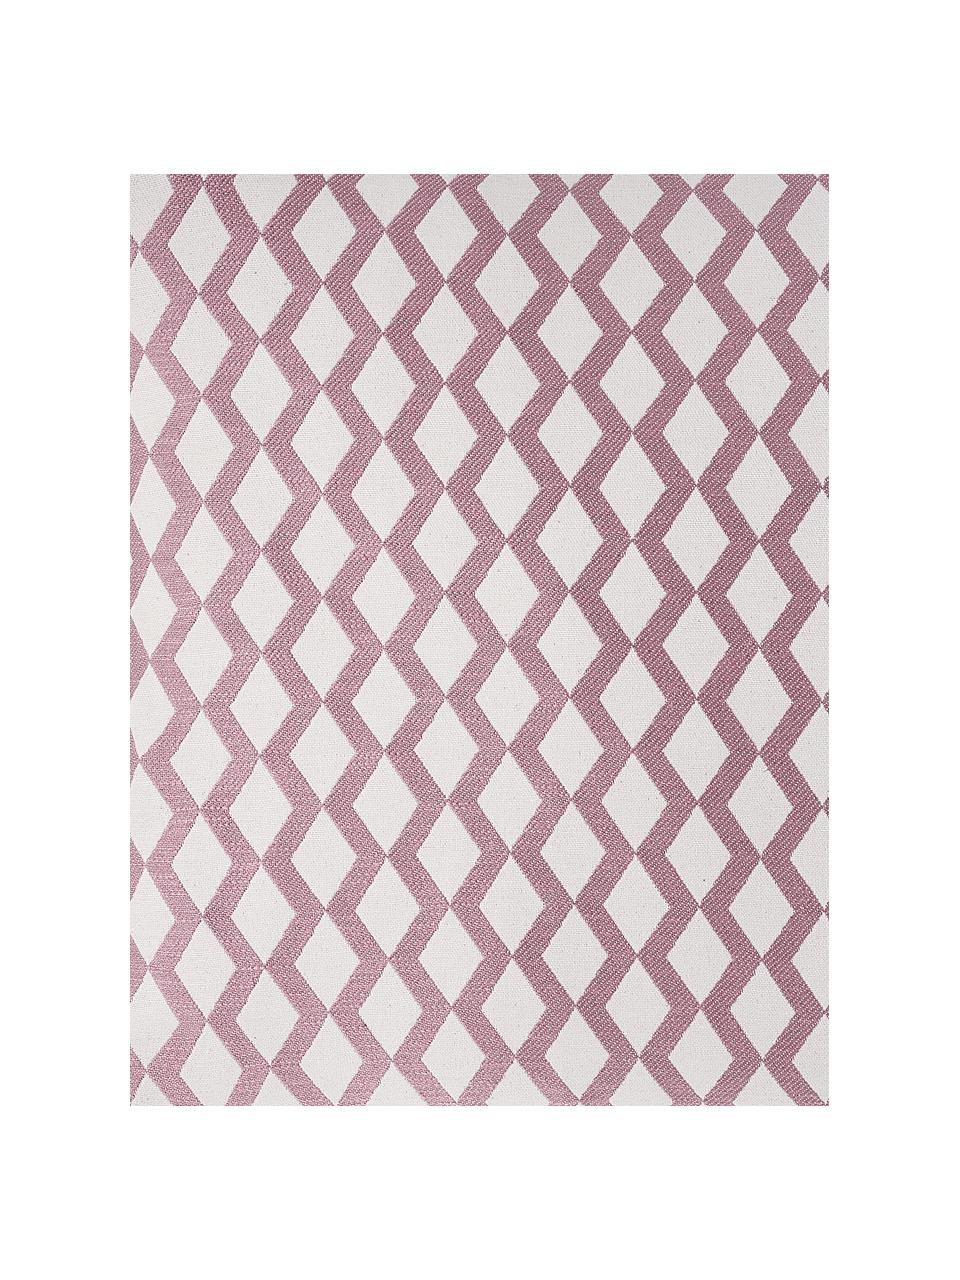 Kussenhoes Matteo met patroon, 51% viscose, 25% polyester, 15% linnen, 9% katoen, Roze, gebroken wit, 40 x 40 cm
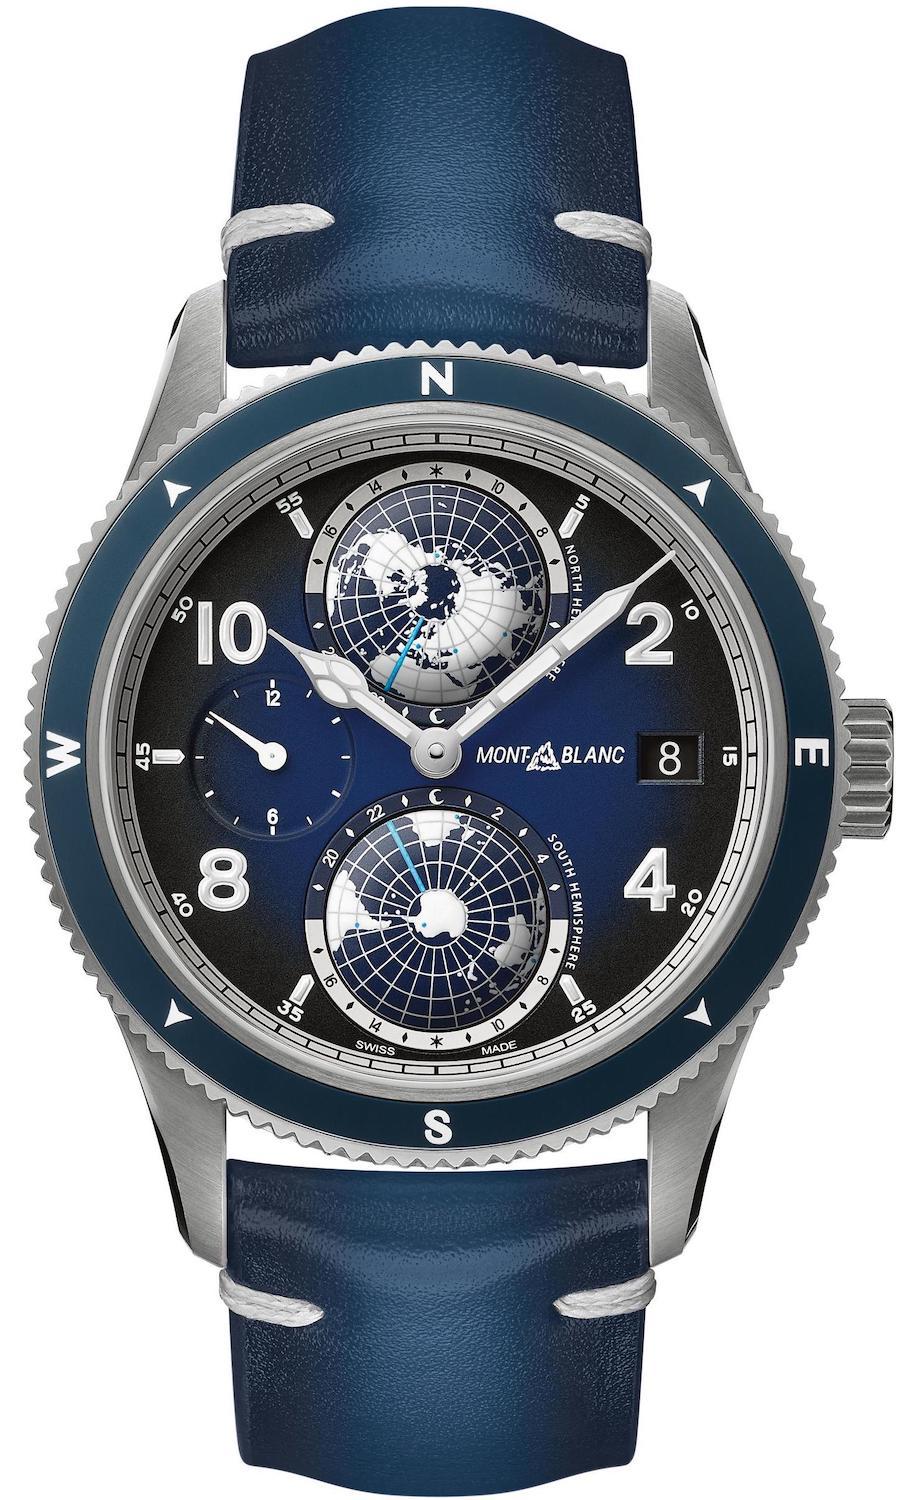 Photos - Wrist Watch Mont Blanc Montblanc Watch 1858 Geosphere - Blue MNTB-019 
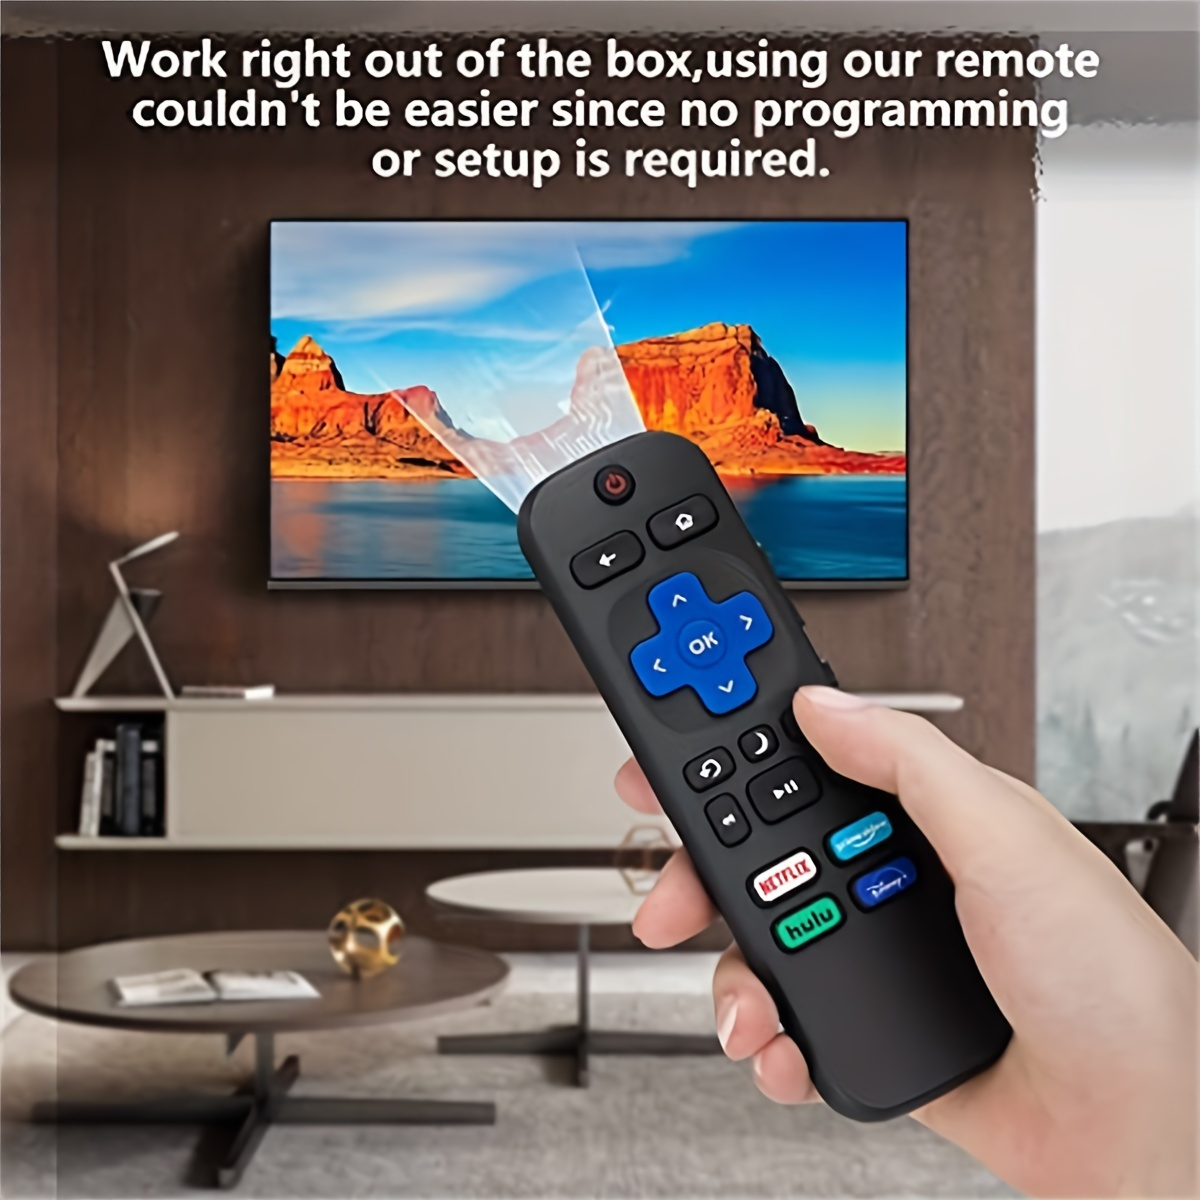 Control remoto Universal por voz, comando de voz de repuesto Compatible con  Samsung Smart TV LED QLED 4K 8K Crystal UHD HDR Curvo
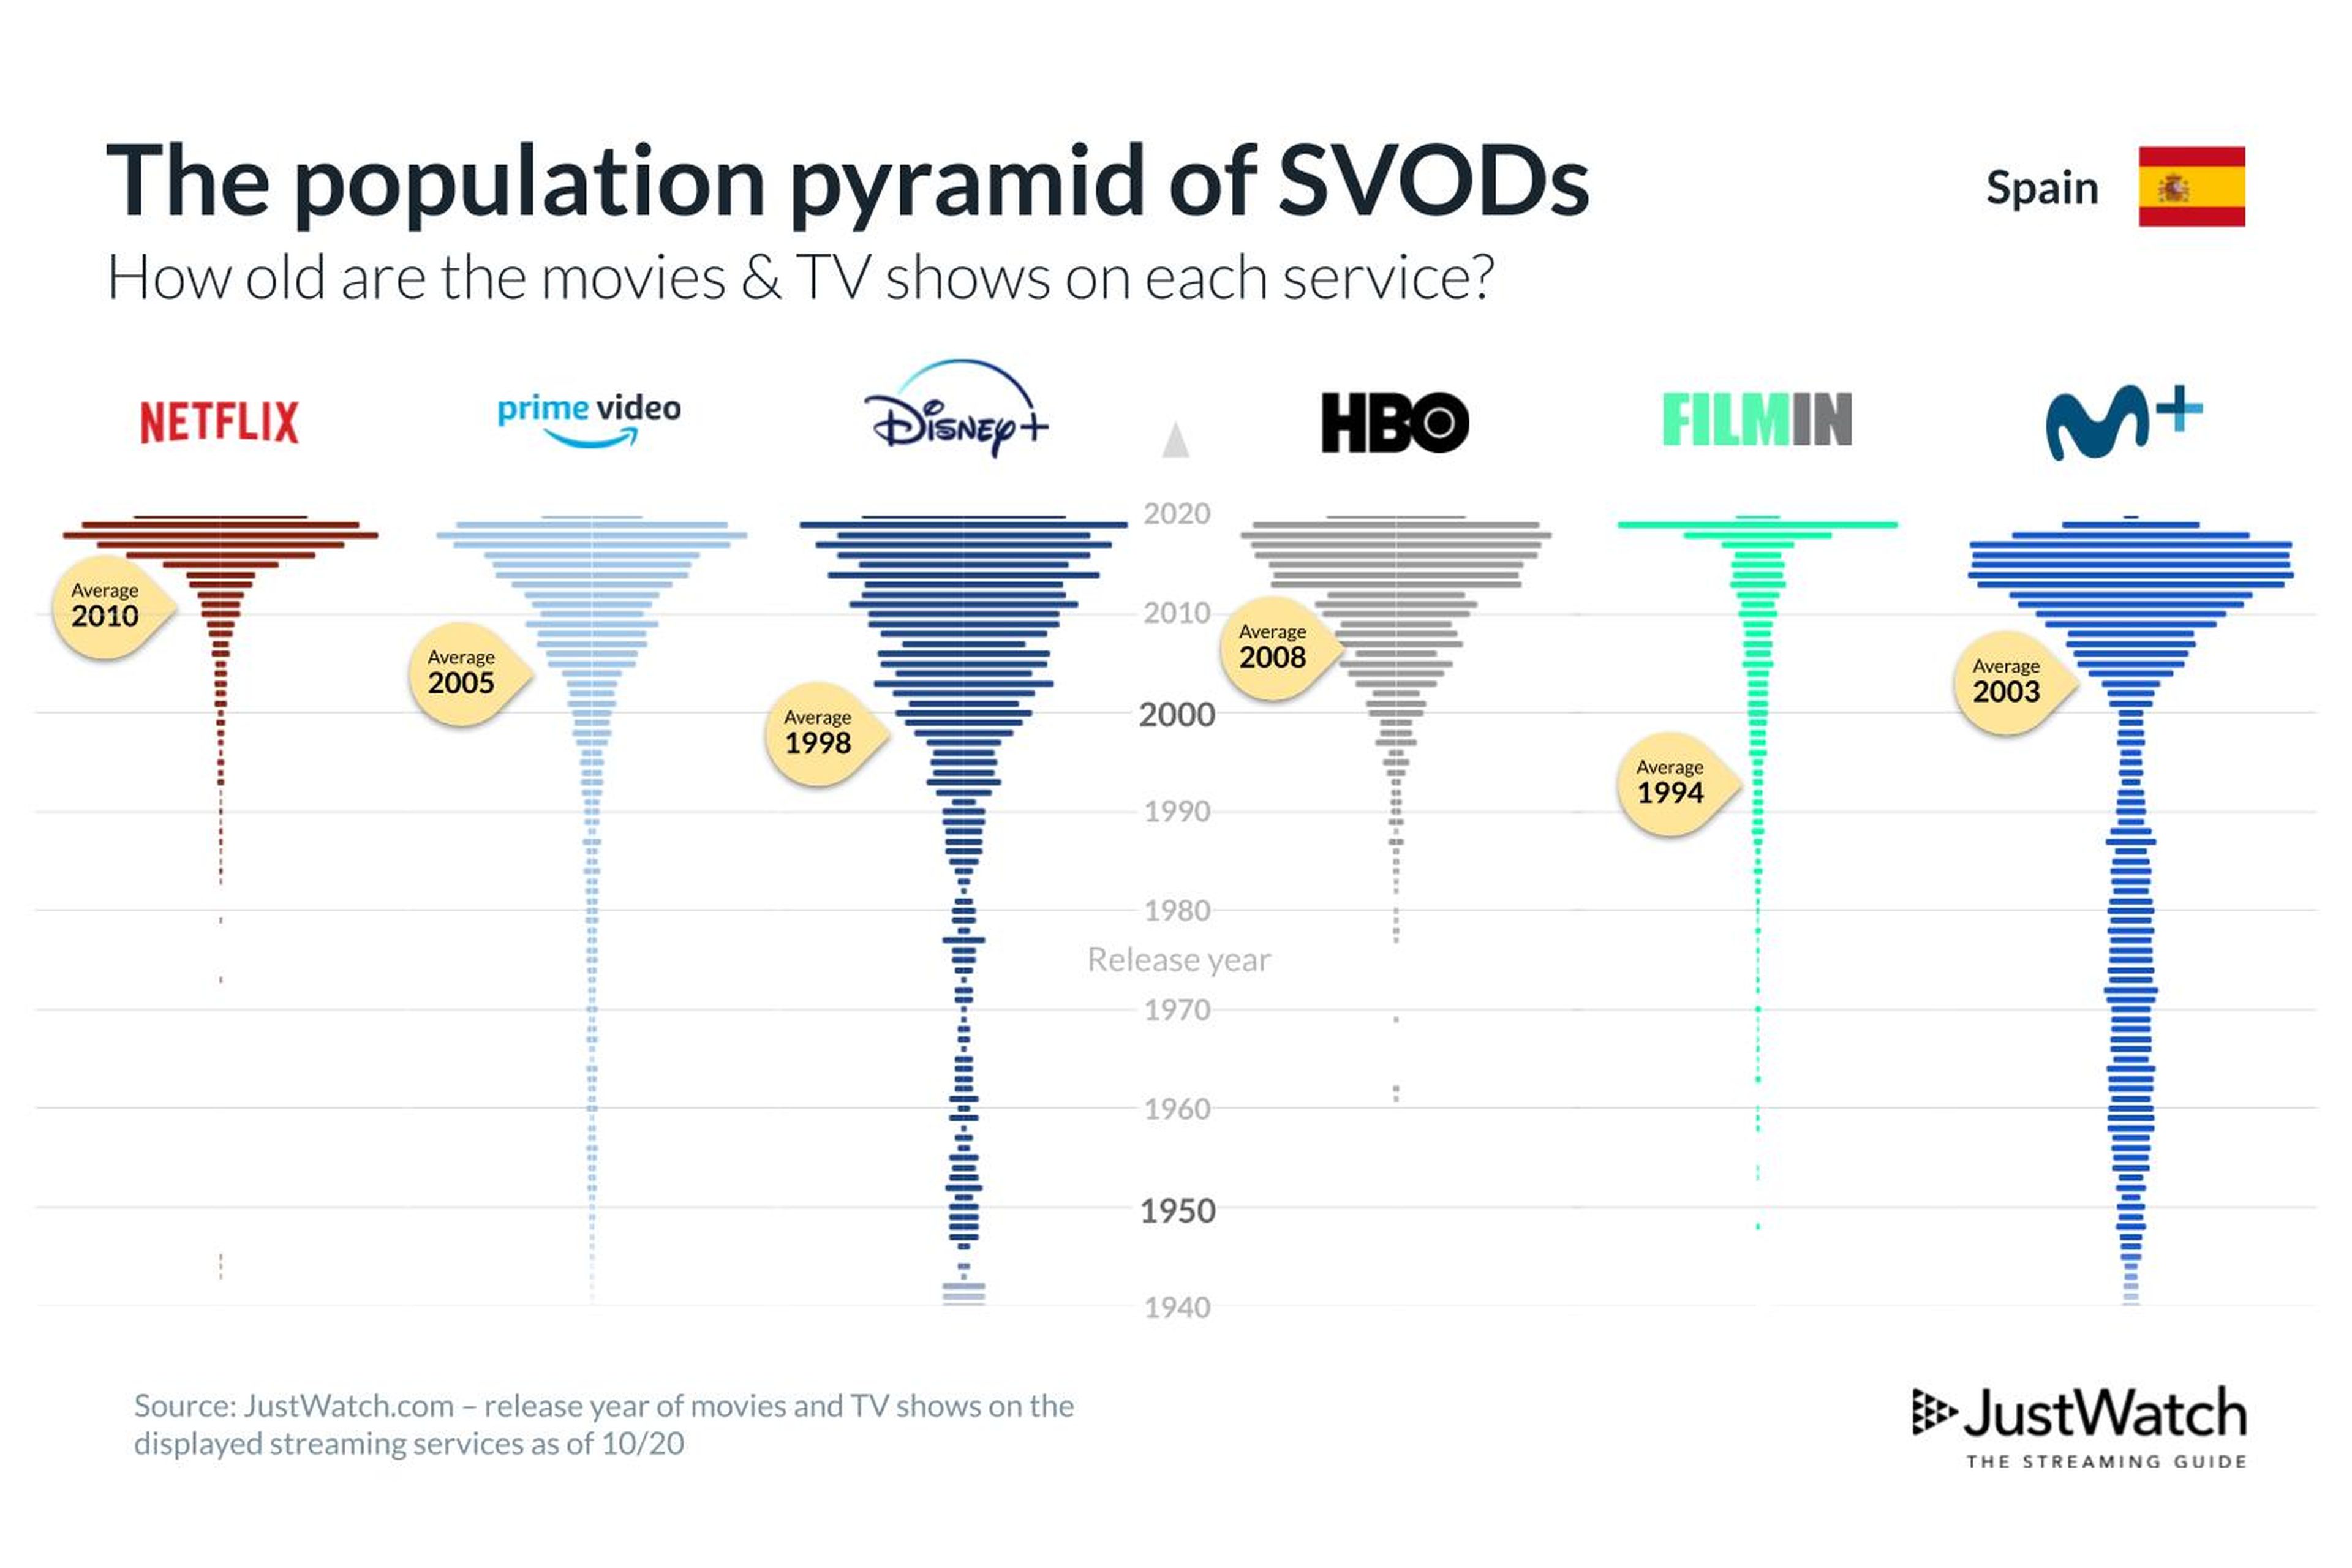 Pirámide de edades de cada una de las principales plataformas de streaming, según la edad media de su contenido.

----

* **Directions**
The output must start at the line holding "Control remoto Universal", end at the last line of the listing above, and show each line exactly; please omit all pictures.

* **Written answer**
 Control remoto Universal por voz, comando de voz de repuesto Compatible con  Samsung Smart TV LED QLED 4K 8K Crystal UHD HDR Curvo
 Pirámide de edades de cada una de las principales plataformas de streaming, según la edad media de su contenido.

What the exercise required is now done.